This weekend, like half of Southern California, I sauntered down to Costco for my monthly ration of toilet paper and fruit roll ups. Anyone who's been to Costco on a Saturday can relate. It's like trying to push a ginormous metal cart through LaLaPalooza. The only difference of course is that the customers at Costco move at the pace of slowly sinking polar ice caps. They meander through the aisles looking at the merchandise as if they were at the Louvre, studying the simplistic brush strokes of the Mona Lisa. "For Crying out loud," I want to scream, "Make up your mind. It's either the multi-pack of Chips A'Hoy or the giant barrel of individual sized Mrs. Fields. Either way, you're getting a bargain. Move on! Move on!"

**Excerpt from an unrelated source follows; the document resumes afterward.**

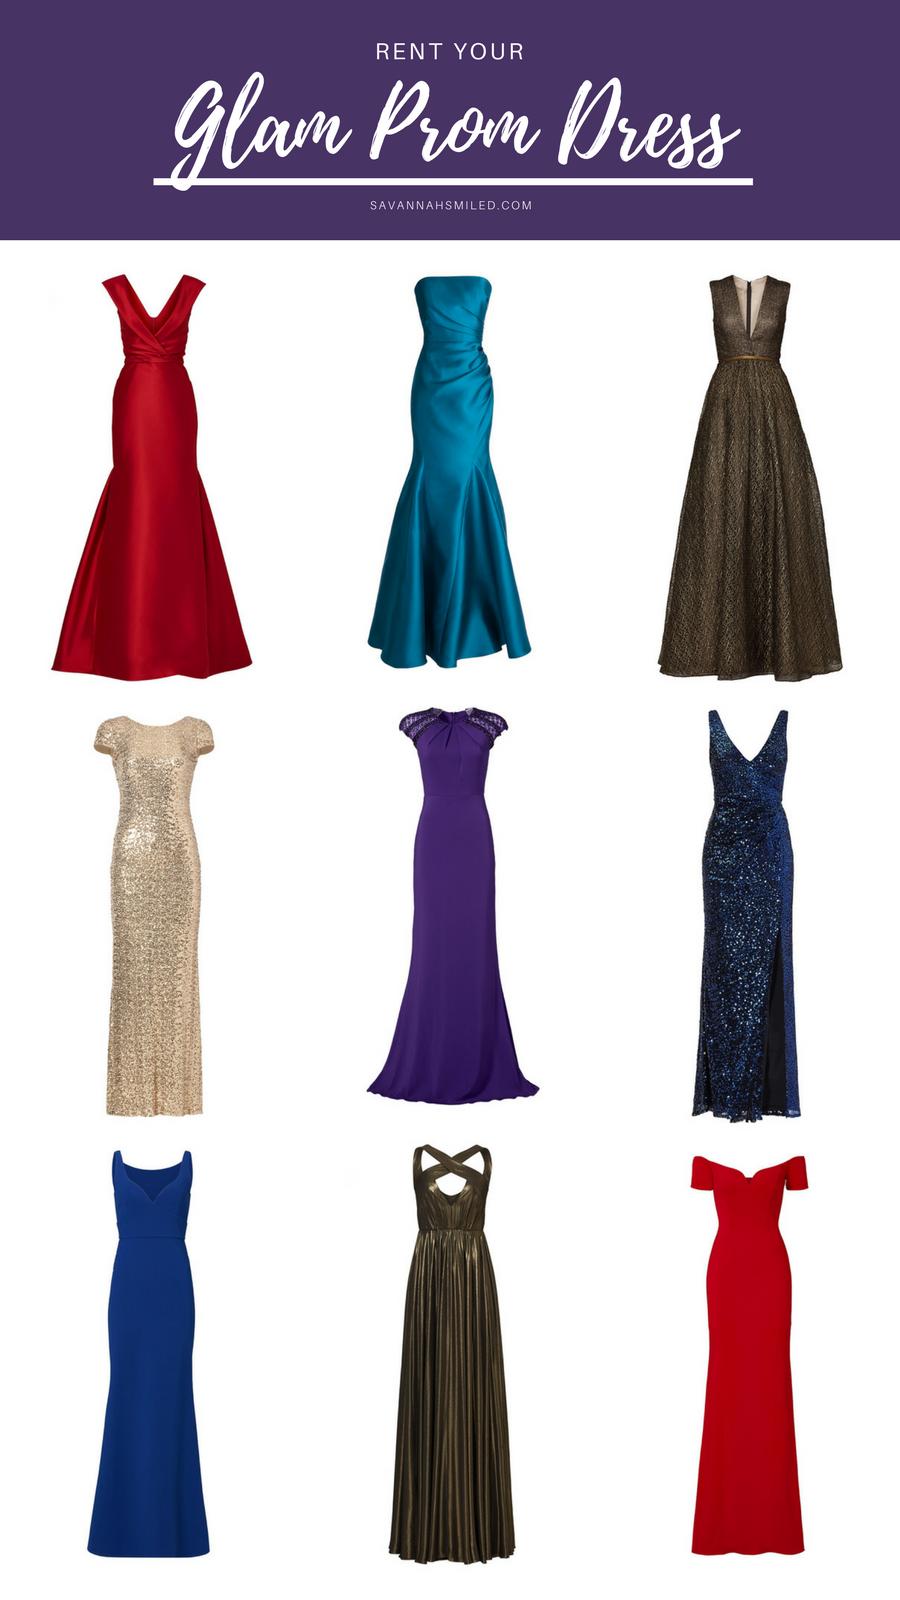 Rent The Glam Prom Dress Savannah Smiled

And don't get me started on the samples available on every aisle. No, I don't want to sample the Kirkland brand Orange Marmalade and I certainly don't need to purchase the 4 gallon jar of it (even if it is only $7.99). But, inevitably the 400 lb lady in front of me does want to stop and sample everything. I'd love go around her if only there wasn't a slow moving man with a twin-sized mattress and 65-inch Vizio flat screen coming at me in the opposite direction at a whopping 2 feet per second.
Of course there is a lot to love about Costco. Where else can you get enough toilet paper to take you through a nuclear winter for the low cost of $17.99? Not to mention a sexy Liz Claiborne velour hoodie (always in style) for a mere $12.00? And who can resist the 7 foot package of ready made, freezer burnt hamburger patties that will have your family begging for more?
This weekend, I resisted all the past-season fashions and frozen meat. I even just-said-no to the tantalizing Kirkland "Champagne" (see mouthwatering picture). Yet I still managed to come home with $208 worth of snacks and toiletries, trying desperately to find storage space for my 60 new rolls of paper towels and 47 chocolate pudding cups.
Until next month Costco - I bid you adieu.